It wasn’t hard to track down the best
This may be a first in the history of the selection of the Idaho Spokesman-Review Male and Female Athletes of the Year: The top athletes led their respective teams to state championships in track.
Not state titles in football, basketball or volleyball mind you. But track.
Caleb Cazier of Timberlake and Breanna Sande of Lake City have been named the region’s athletes of the year
Cazier led the Timberlake boys to the school’s first state championship. Sande won three individual state titles and teamed on a winning relay as Lake City’s girls captured a second straight state championship.
For Timberlake, the chase for a state championship couldn’t have been more dramatic. Stirring the straw of the down-to-the-last event intrigue was Cazier, a senior.
Cazier, who nursed a hamstring injury the last half of the season, aggravated it in his first event, the 100 meters.
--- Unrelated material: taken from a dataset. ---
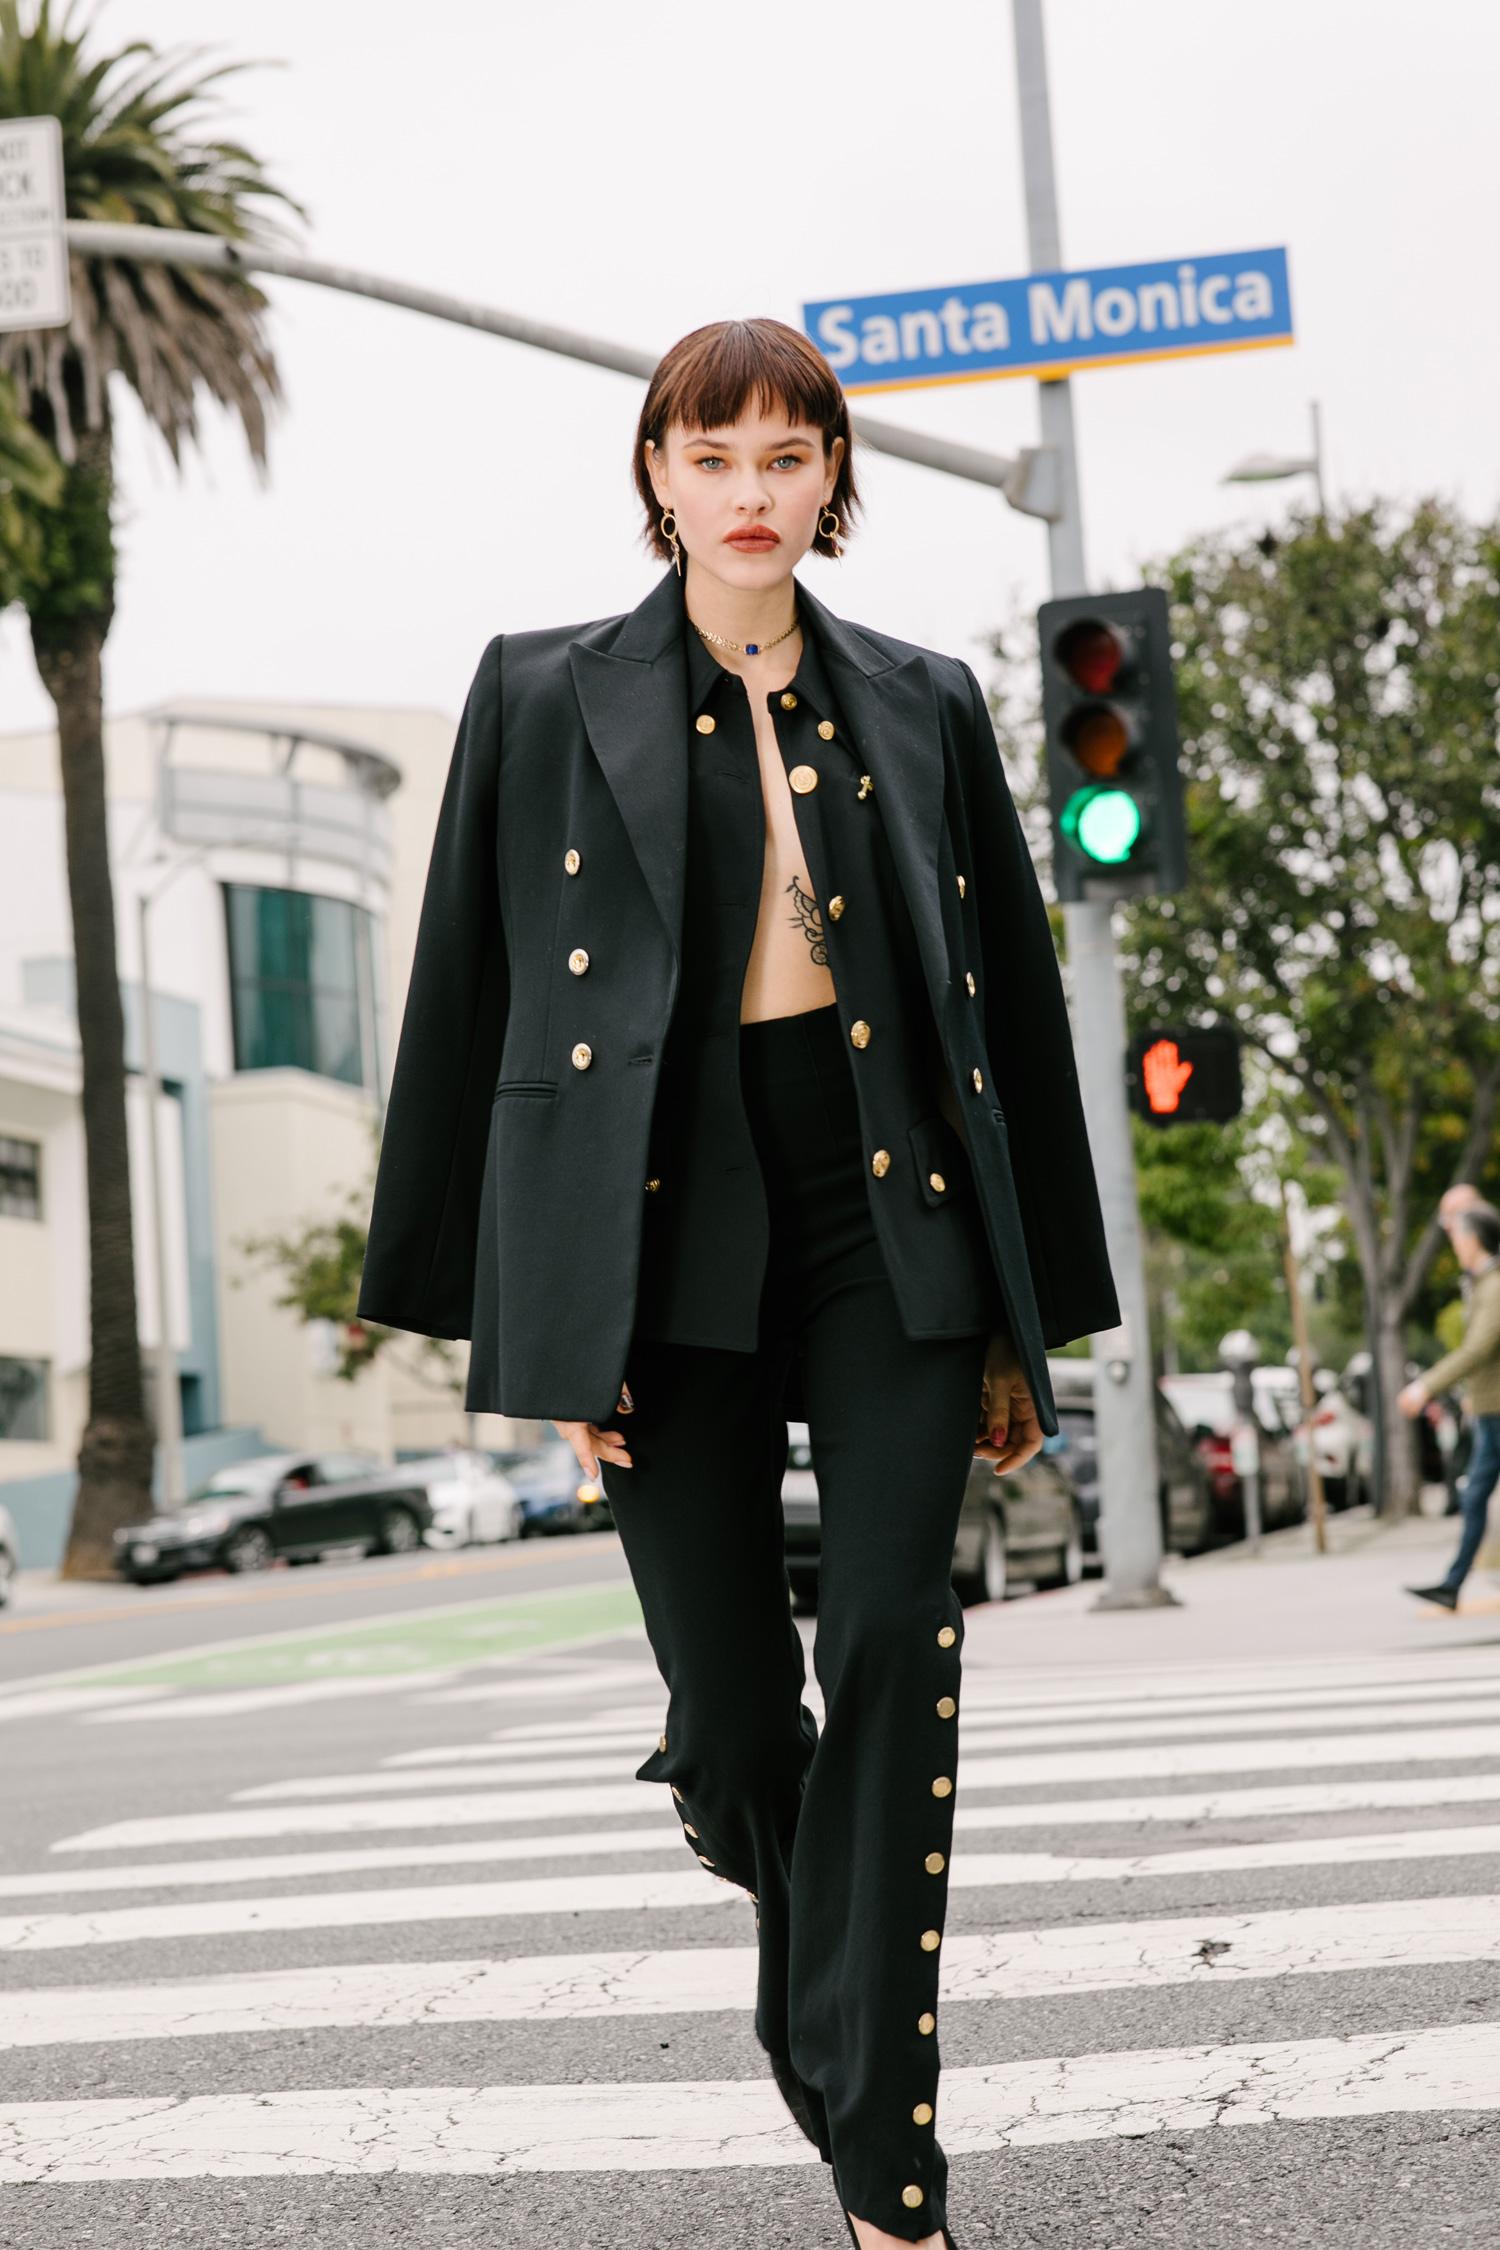 020-LA-Urban-Street-Style.jpg

In a race that Cazier places in the top three easily on a healthy leg, he had to limp across the finish line in last while seemingly dragging his left leg.
About an hour later, though, Cazier managed to find the guts to overcome the throbbing pain and defended his state title in the 400 with a come-from-behind victory that had his coach, Brian Kluss, in tears.
“That was the gutsiest race I’ve ever seen anyone do,” Kluss said, choking back tears moments after the race. “I can’t believe I just watched that.”
Then another hour later, Cazier jogged the 200 to finish last for what was at the time a valuable team point.
He topped it all off when he took the baton on the anchor leg of the final race, the 1,600 relay, with his team trailing first-place Snake River by a half point. In third place when he started the final 400 lap, Cazier mustered just enough speed and intestinal fortitude to pull off a gold-medal finish.
Had it been any other meet other than state, Cazier wouldn’t have run. That’s how much pain he was in after aggravating the injury in the first race.
So how did he manage to overcome the pain and run? To Cazier, the answer was as simple. He did it for his team.
“I don’t think it was a superhuman effort,” Cazier said. “It was doable because there were people counting on me. It was more of a mental challenge than anything – to look past the pain.”
The team title was more important to him than his individual victory because he knows how special it was to hang the first state-title banner in the school’s gym.
For no matter how many more state-title banners are won at Timberlake, nothing can eclipse the satisfaction of putting the first one up in the gym.
“My leg felt like it was going to explode after the (1,600 relay),” said Cazier, who will attend Boise State University and run track. “On the bus ride home I had to prop it up (straight) to keep it from cramping. If we’d had a meet the following week I would not have been able to run.”
Cazier will miss many things about high school. Perhaps what he’ll miss the most is seeing his coach every day.
“I can’t say enough about how much he’s done for me,” Cazier said. “I couldn’t imagine being coached by anyone else. He’s more than a teacher and a coach. He’s a friend to me.”
Kluss could coach another 20 years and probably not come across a student/athlete as special as Cazier.
Sande, a junior, challenged for state titles in everything she did this year. In addition to winning state titles in the three long-distance races, she finished second in state cross country and was a starting guard on a basketball team that finished third at state.
She hopes to challenge for state championships in all three of her sports again next year.
There was no athlete more valuable at the state track meet for LC than Sande.
“She could not have performed any better,” LC coach Kelly Reed said. “When she needed to put the throttle down, she did. She not only won three (gold medals), she blew away the field and left no doubt who the best distance runner is in the state.”
Sande will likely finish her high school career with the record for saying the fewest words of any athlete in state history, too. Painfully introverted while finishing second as a freshman and winning state as a sophomore in cross country, Sande’s personality blossomed this year.
She credits Reed and cross country and track assistant coaches Justin and Heather Taylor for helping her confidence grow.
“They’ve pushed me in practices and made me get better,” Sande said.
She hopes to earn a scholarship so she can run track in college.
Ask her why she enjoys running and she admits she can’t explain why.
“I’ve always thought about that and I don’t know why I like running,” she said.
It doesn’t matter. Not when one is as talented as Sande.